Tuesday, March 10, 2009

Beyond the bailout mentality

Though I don’t know why Oprah Winfrey puts herself on every single cover, her magazine — called, of course, O — consistently features insightful, thought-provoking essays. In April 2008, the writer Terry Tempest Williams wrote movingly of her stay in the county jail in Soda Springs, Idaho. Arrested for speeding without a valid driver’s license, she chose to forego posting the $200 bail. Instead, after a call to her husband, she replaced her nice clothes and Prada slippers with a standard-issue orange jumpsuit and Keds. Entering a cinder-block pod with 12 other women, she soon found that most of them were there because of a different sort of speed: crystal meth.

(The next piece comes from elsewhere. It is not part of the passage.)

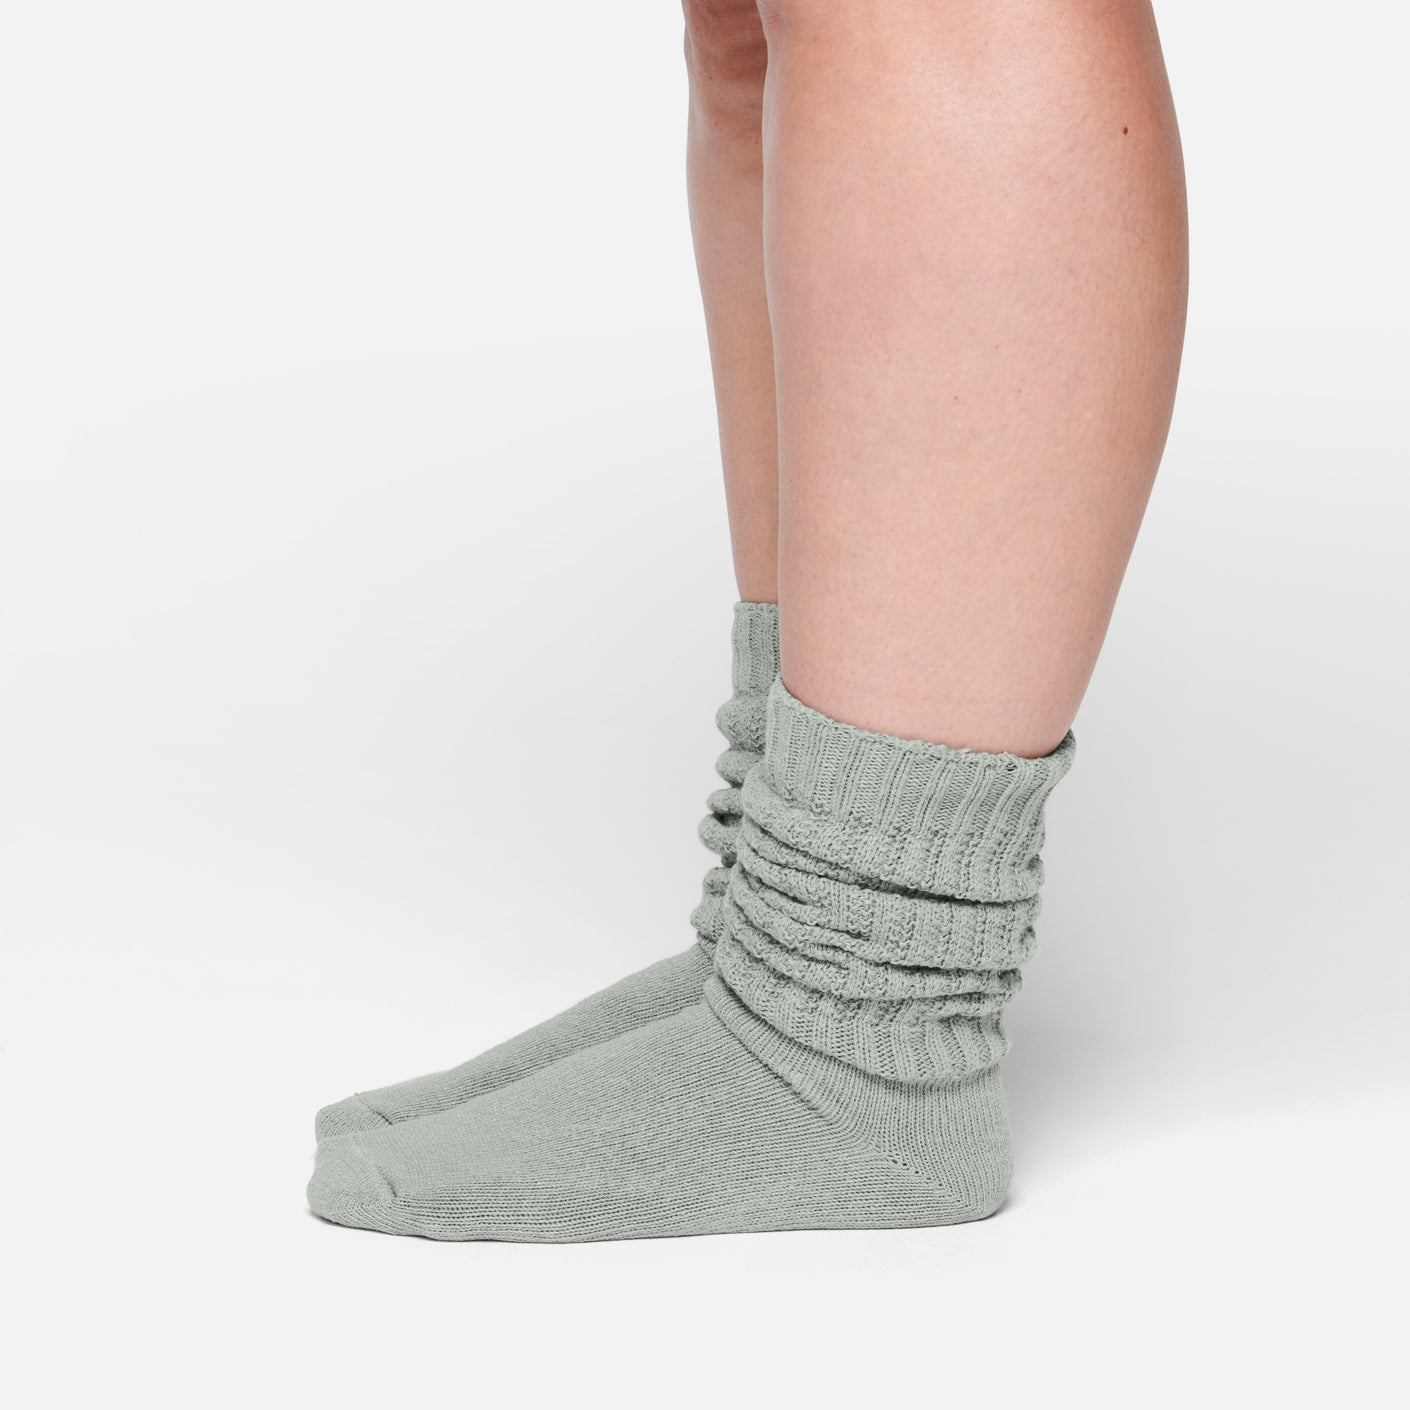 Non-Slip, Stay-on Bootie Bundle + Stay-on Socks + Cable Knit

In her essay, Williams describes her jail stay as a powerful “note to self”: accept personal responsibility for one’s actions. Too often, having the money to bail ourselves out can get in the way of consciously accepting what one has done and failed to do — and what the ensuing consequences are for oneself and others. The mind-set epitomized by George W. Bush’s various Wall Street bailouts shows this way of thinking writ large in our society, with far-reaching damage when reality finally intrudes. As Obama’s team struggles to deal with the train wreck, our country needs a collective moment of clarity comparable to what Williams experienced at the Soda Springs jail. Obama tried to provide it in his inaugural address, but fundamental change does not necessarily happen in one fell swoop.